Monday, December 17, 2012

Seeing Snapshots

In an earlier post, I made some remarks about how we see photographs, especially the way we see photographs we have made. Having made a photograph, we see it as the creator, we see the important things as important and the unimportant things as unimportant. Others may tend to see our work.. differently.

Snapshots take this notion is the nth degree. The maker of the snapshot sees, usually, the subject. This is a picture of my dessert at that one restaurant, and all I see is the dessert, and I remember how delicious it was and what that evening was like. You see a blurry and badly lit photograph of something that looks like it was probably gooey. You also see other patrons of the restaurant, you see the gravy blot on the tablecloth, you see the blurry thumb in the lower left of the frame.

Each of us, the snapshottist and the critical viewer, cannot see the image any other way. This applies to the billions of images uploaded to the internet. The creator sees one thing, their close friends may tend to see much the same thing because they have some related context in which the image lives, and they are generous viewers. A stranger, especially a critical one, sees nothing but a sea of bad lighting and blurry thumbs. Neither group can see these images in any other way.

It is by no means necessary to make anything of this. We can simply ignore Facebook photographs and move on with our lives (I certainly do). If, however, we wanted to make something of this we might choose to create for the critical and uninitiated viewer that same viewing experience that the snapshot's creator has.

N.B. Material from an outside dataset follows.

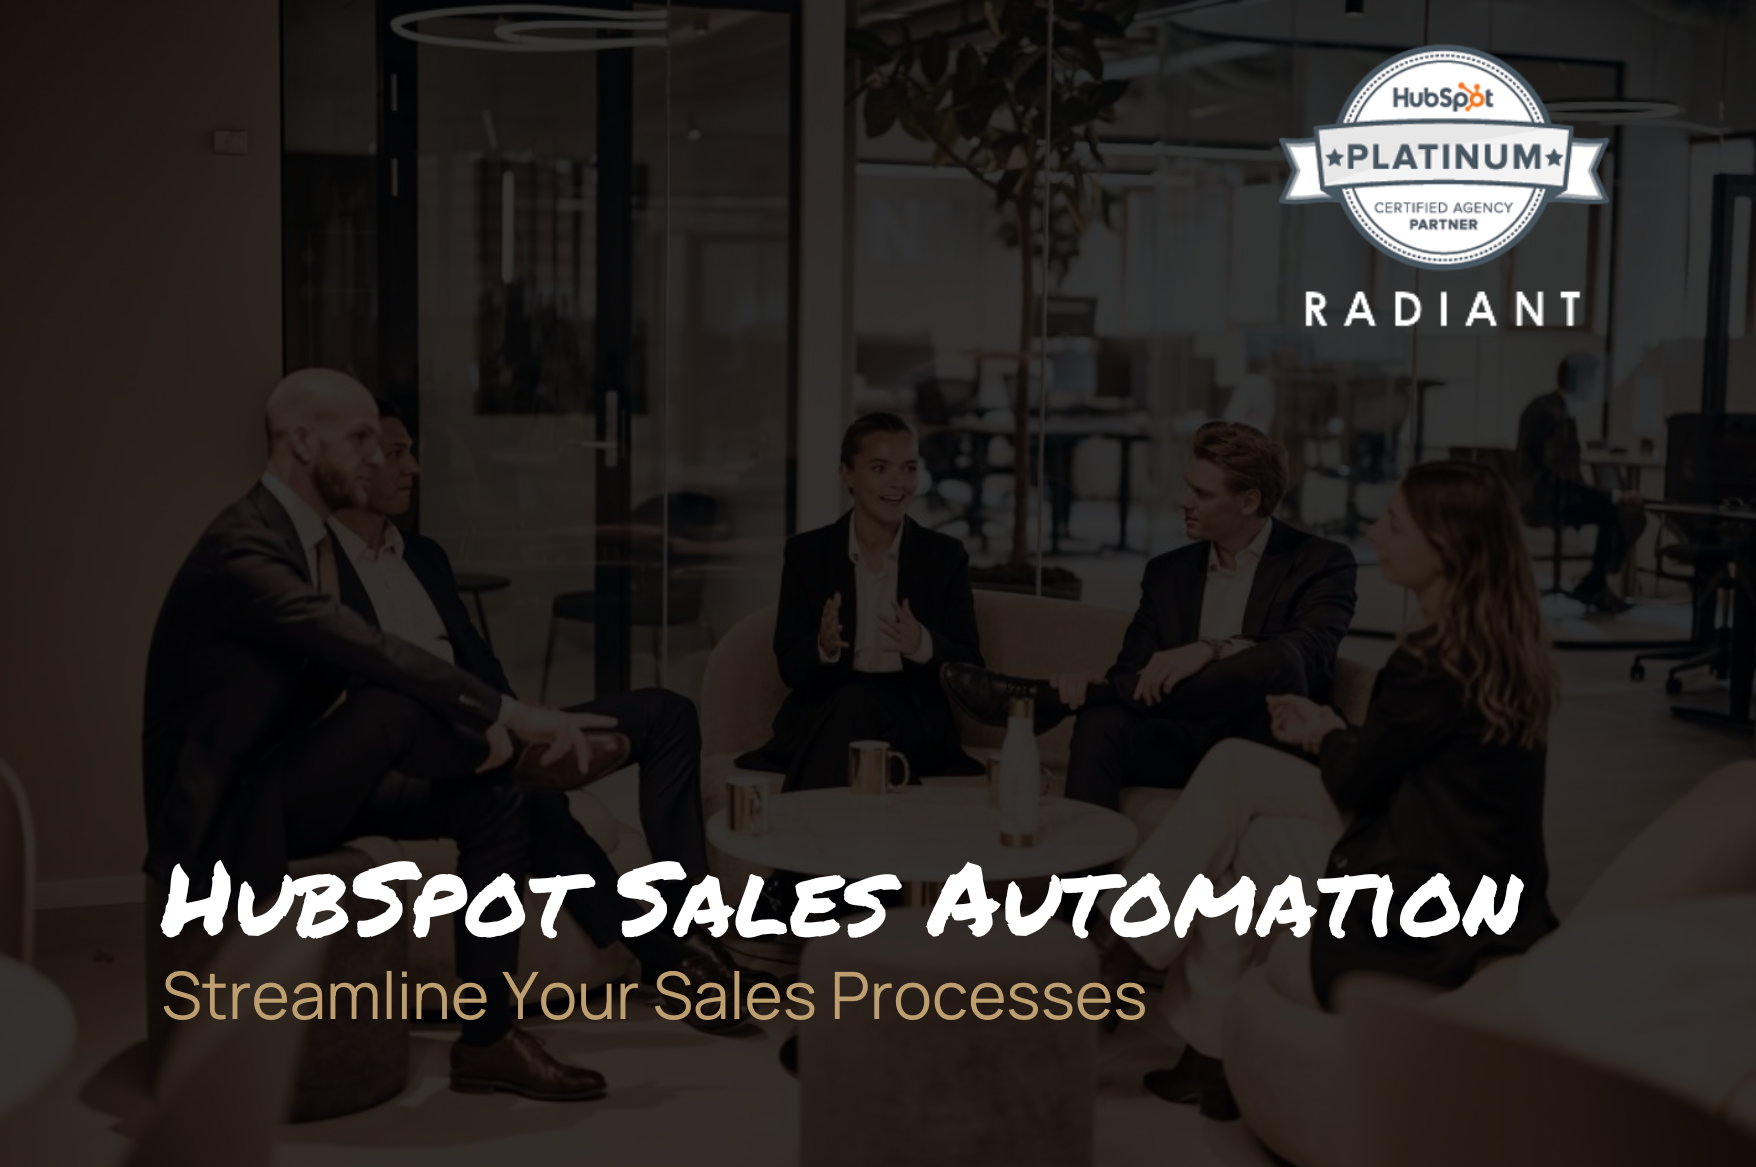 HubSpot Sales Automation – Automate and Streamline Your Sales Processes

We could simply take beautifully lit photographs of lovingly prepared desserts, but I think that would be missing the point. The idea would be to create that visceral experience, to simulate in some way that experience of being there, and of eating that dessert. The photographs need to lose the blurry thumbs, to be sure, and the other distracting elements, but I think a gritty and immediate feel is necessary. Is there some application of street photography here? Can one somehow bring a little grit, a little blur, a little feeling of vérité to the problem of photographing the dessert, or the party, or the new-to-you car?